From: Pedro Alves <palves at redhat dot com>
To: gdb-patches at sourceware dot org
Date: Fri, 6 Mar 2015 19:58:03 +0000
Subject: [PATCH 3/6] Fix race exposed by gdb.threads/killed.exp
Authentication-results: sourceware.org; auth=none
References: <1425671886-7798-1-git-send-email-palves at redhat dot com>
On GNU/Linux, this test sometimes FAILs like this:

 (gdb) run
 Starting program: /home/pedro/gdb/mygit/build/gdb/testsuite/gdb.threads/killed
 [Thread debugging using libthread_db enabled]
 Using host libthread_db library "/lib64/libthread_db.so.1".
 ptrace: No such process.
 (gdb)
 Program terminated with signal SIGKILL, Killed.
 The program no longer exists.
 FAIL: gdb.threads/killed.exp: run program to completion (timeout)

Note the suspicious "No such process" line (that's errno==ESRCH).
Adding debug output we see:

  linux_nat_wait: [process -1], [TARGET_WNOHANG]
  LLW: enter
  LNW: waitpid(-1, ...) returned 18465, ERRNO-OK
  LLW: waitpid 18465 received Stopped (signal) (stopped)
  LNW: waitpid(-1, ...) returned 18461, ERRNO-OK
  LLW: waitpid 18461 received Trace/breakpoint trap (stopped)
  LLW: Handling extended status 0x03057f
  LHEW: Got clone event from LWP 18461, new child is LWP 18465
  LNW: waitpid(-1, ...) returned 0, ERRNO-OK
  RSRL: resuming stopped-resumed LWP LWP 18465 at 0x3b36af4b51: step=0
  RSRL: resuming stopped-resumed LWP LWP 18461 at 0x3b36af4b51: step=0
  sigchld
  ptrace: No such process.
  (gdb) linux_nat_wait: [process -1], [TARGET_WNOHANG]
  LLW: enter
  LNW: waitpid(-1, ...) returned 18465, ERRNO-OK
  LLW: waitpid 18465 received Killed (terminated)
  LLW: LWP 18465 exited.
  LNW: waitpid(-1, ...) returned 18461, No child processes
  LLW: waitpid 18461 received Killed (terminated)
  Process 18461 exited
  LNW: waitpid(-1, ...) returned -1, No child processes
  LLW: exit
  sigchld
  infrun: target_wait (-1, status) =
  infrun:   18461 [process 18461],
  infrun:   status->kind = signalled, signal = GDB_SIGNAL_KILL
  infrun: TARGET_WAITKIND_SIGNALLED

  Program terminated with signal SIGKILL, Killed.
  The program no longer exists.
  infrun: stop_waiting
  FAIL: gdb.threads/killed.exp: run program to completion (timeout)

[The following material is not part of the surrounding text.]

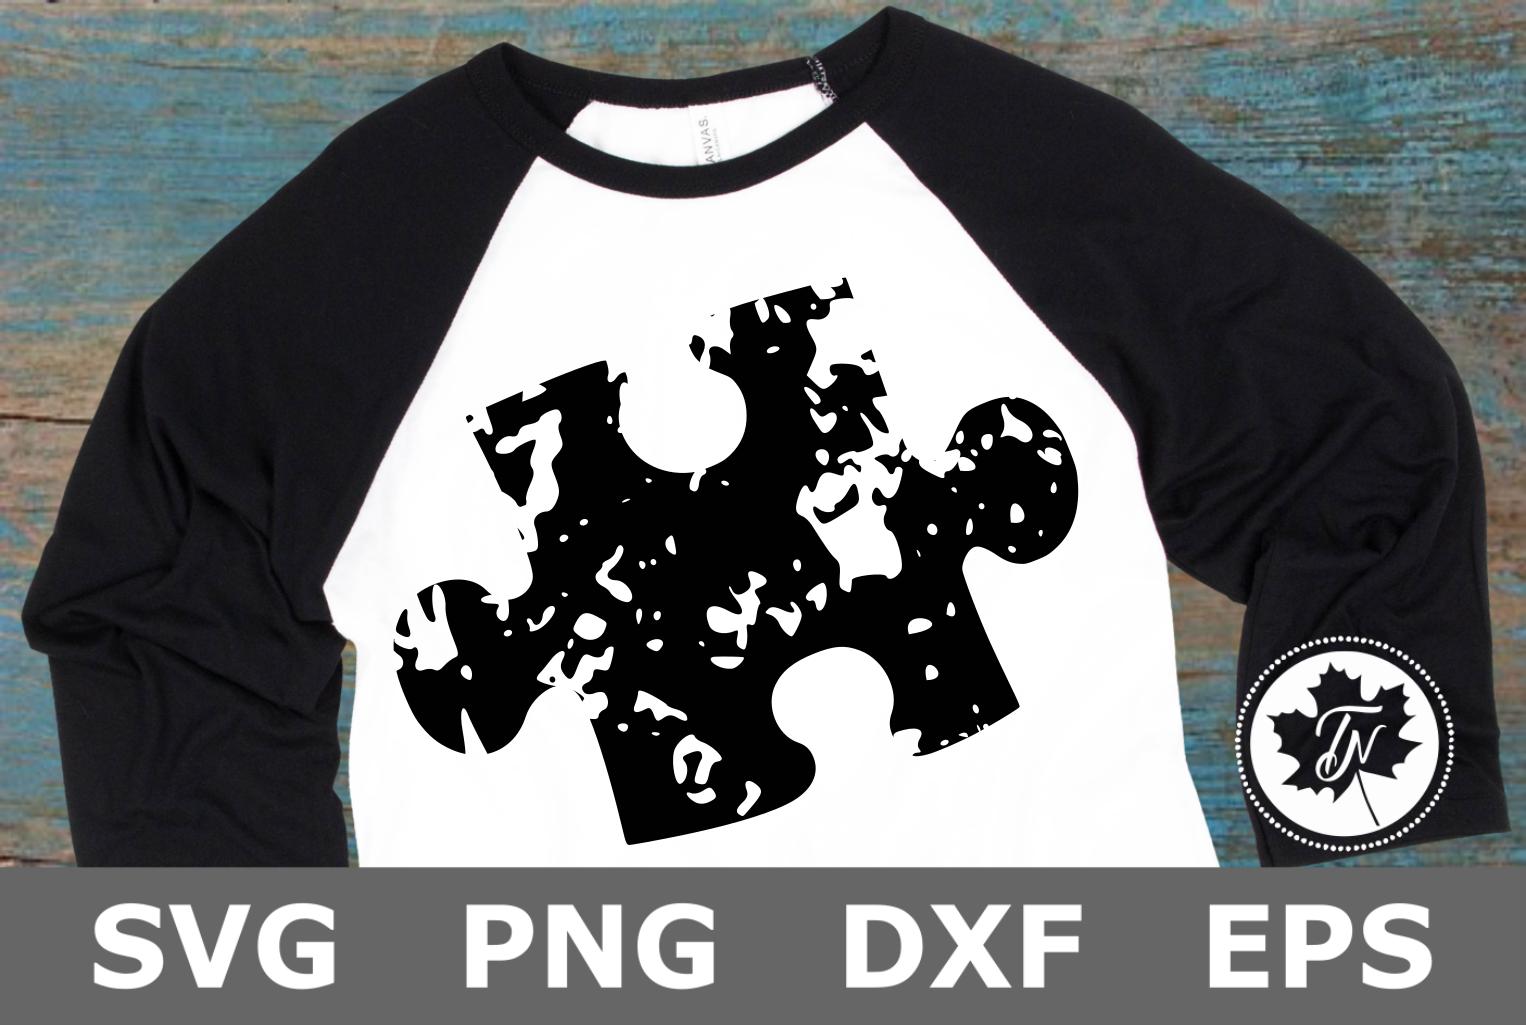 Grunge Puzzle Piece - An Autism Awareness SVG Cut File example image 1

The ptrace call that fails was a PTRACE_CONTINUE.

The issue is that here:

  RSRL: resuming stopped-resumed LWP LWP 18465 at 0x3b36af4b51: step=0
  RSRL: resuming stopped-resumed LWP LWP 18461 at 0x3b36af4b51: step=0

The first line shows we had just resumed LWP 18465, which does:

 void *
 child_func (void *dummy)
 {
   kill (pid, SIGKILL);
   exit (1);
 }

So if the kernel manages to schedule that thread fast enough, the
process may be killed before GDB has a chance to resume LWP 18461.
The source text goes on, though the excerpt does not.